§ **Task goal**:
An exact copy of the data is required, with no pictures in it.

§ **Dataset excerpt**:
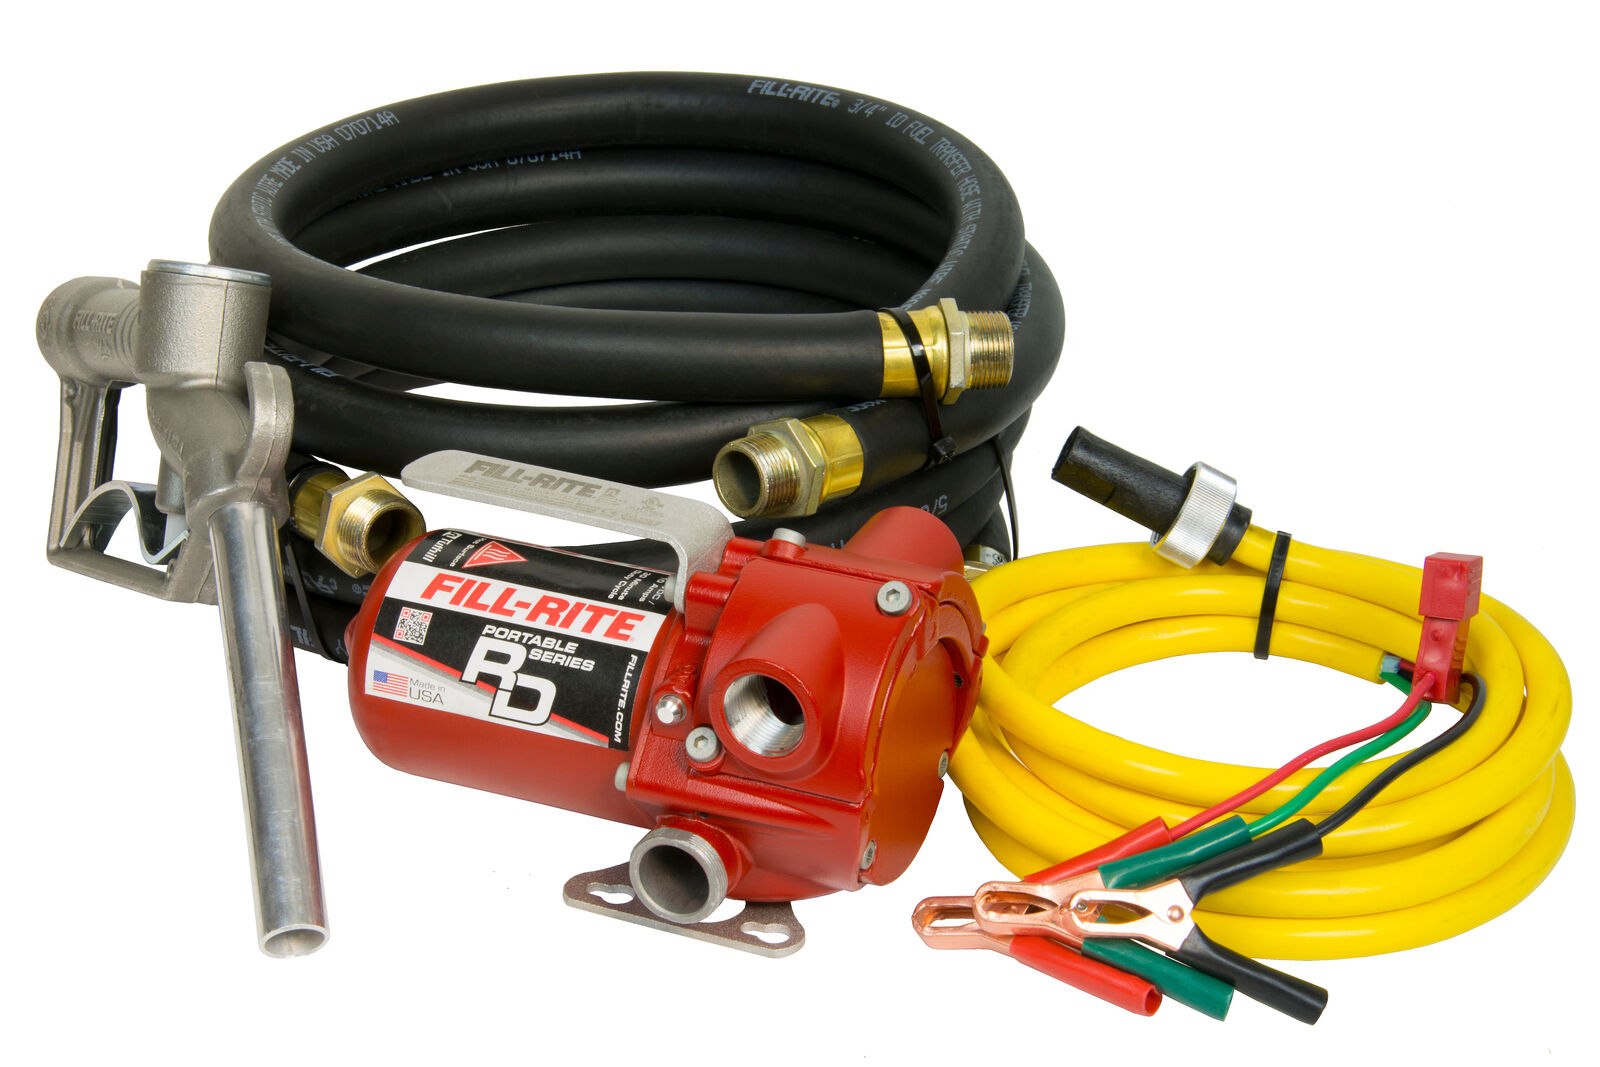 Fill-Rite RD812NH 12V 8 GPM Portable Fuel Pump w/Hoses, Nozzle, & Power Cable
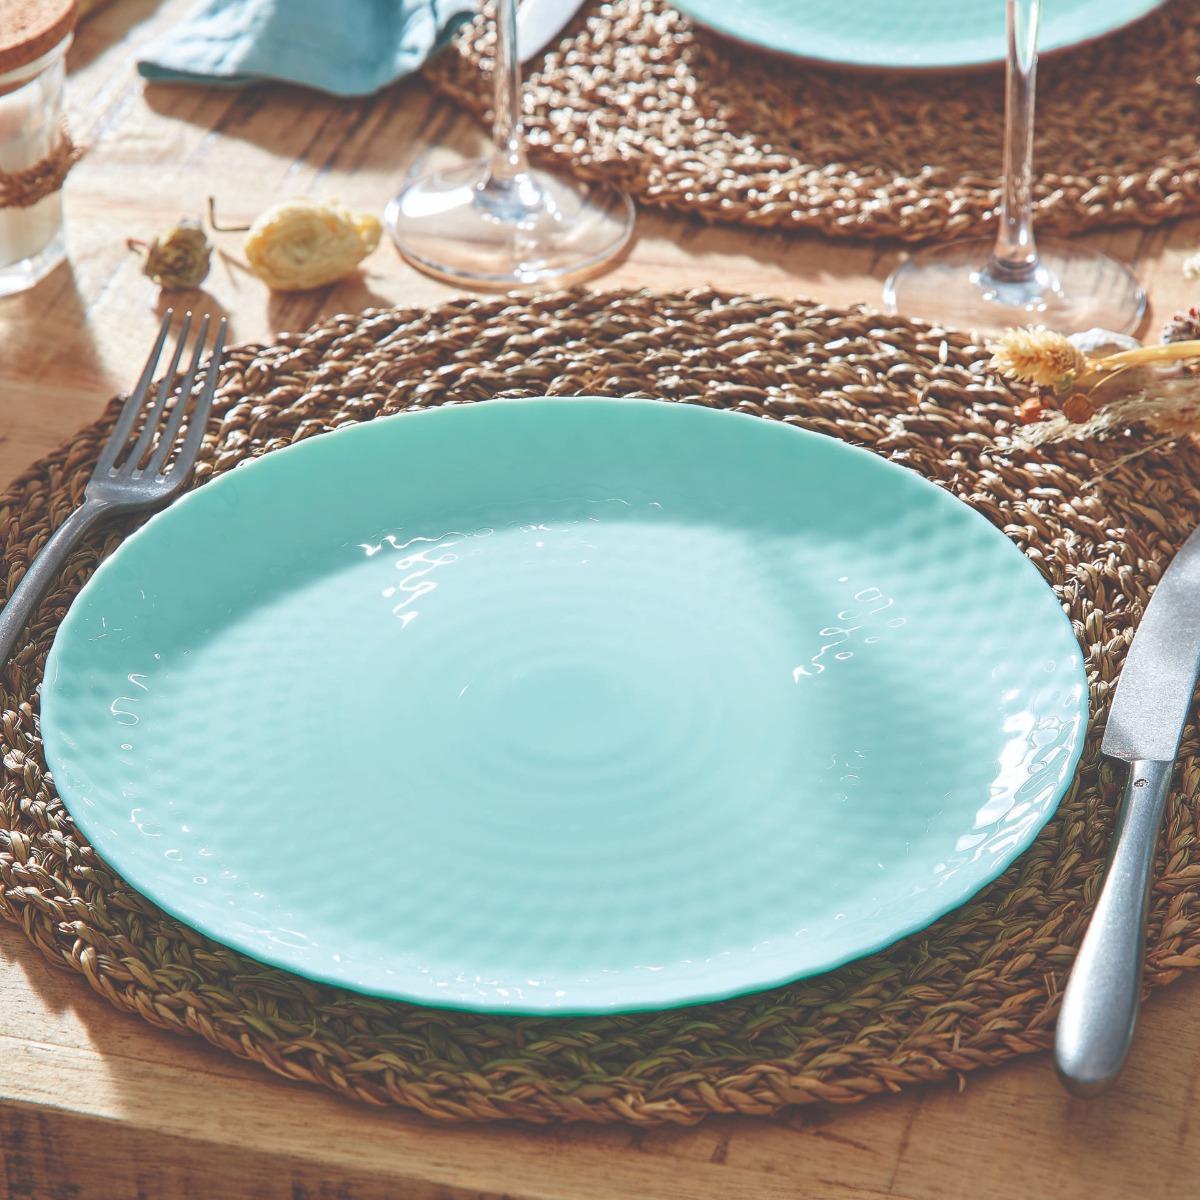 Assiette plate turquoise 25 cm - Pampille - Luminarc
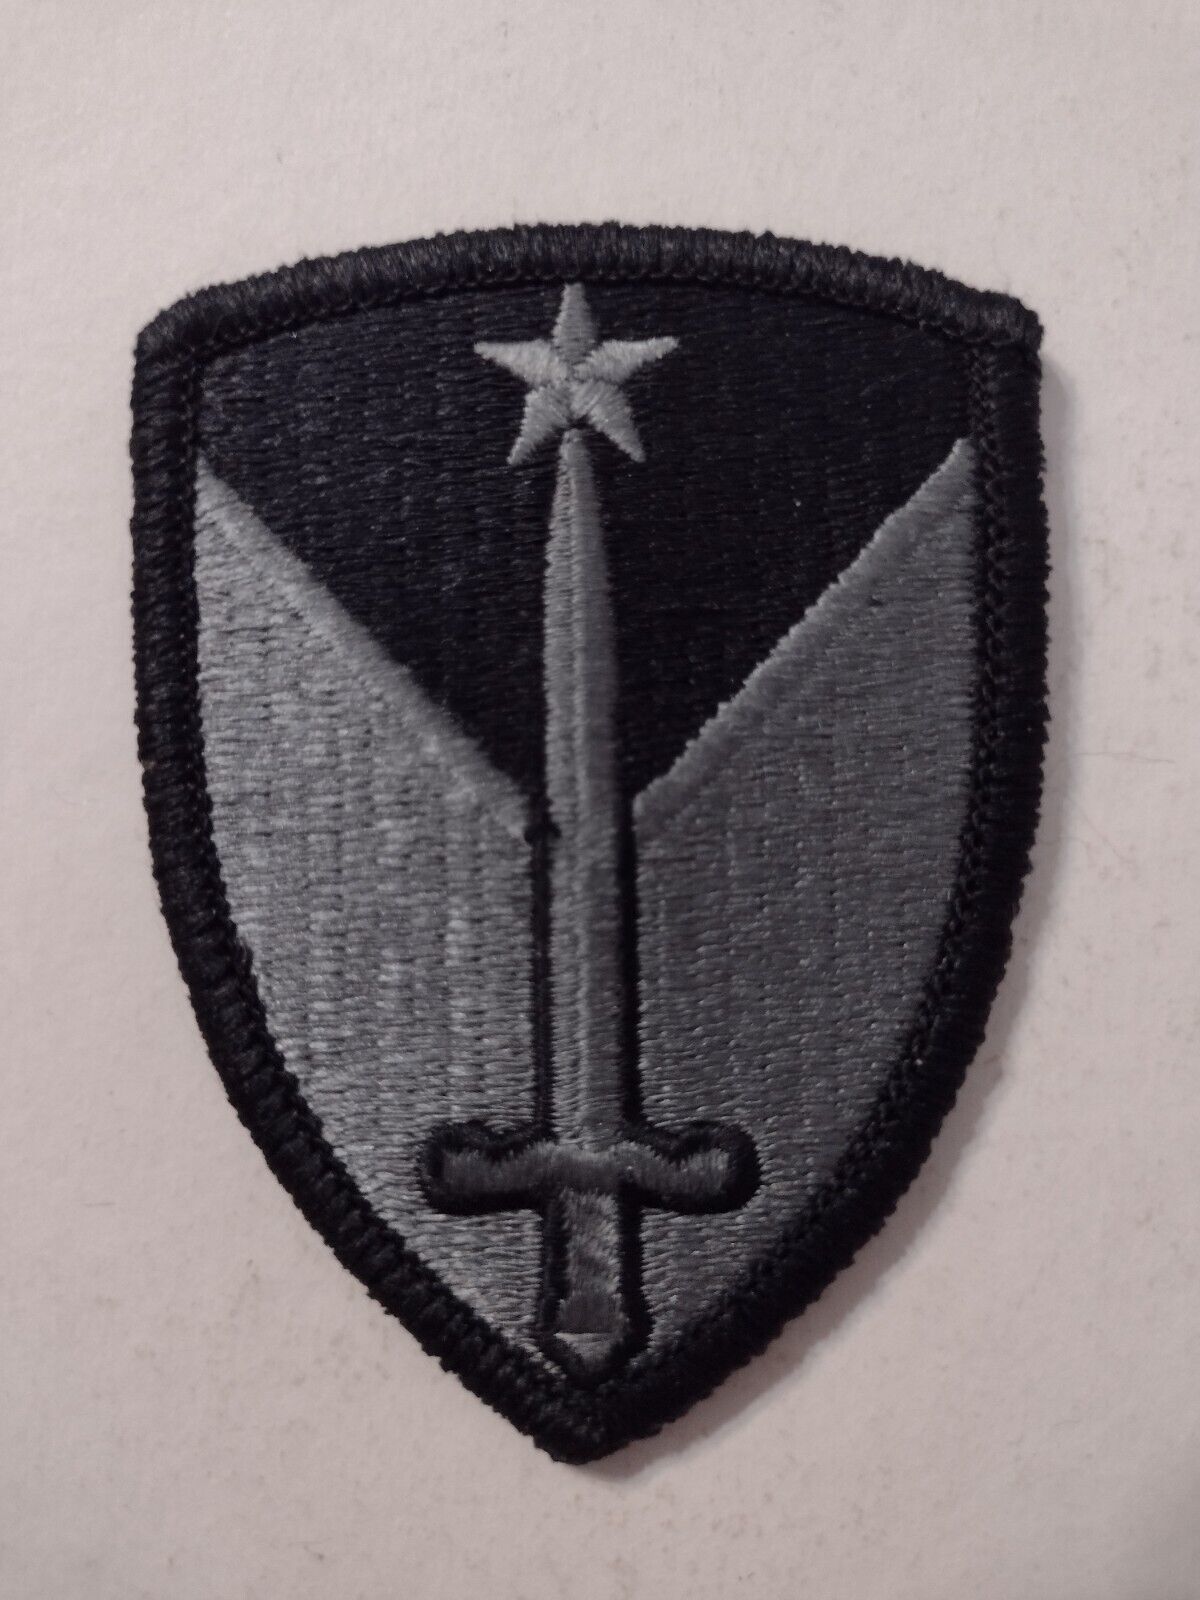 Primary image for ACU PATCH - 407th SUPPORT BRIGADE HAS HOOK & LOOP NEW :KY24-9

§ **Your solution**:
 Fill-Rite RD812NH 12V 8 GPM Portable Fuel Pump w/Hoses, Nozzle, & Power Cable
 Assiette plate turquoise 25 cm - Pampille - Luminarc
 Primary image for ACU PATCH - 407th SUPPORT BRIGADE HAS HOOK & LOOP NEW :KY24-9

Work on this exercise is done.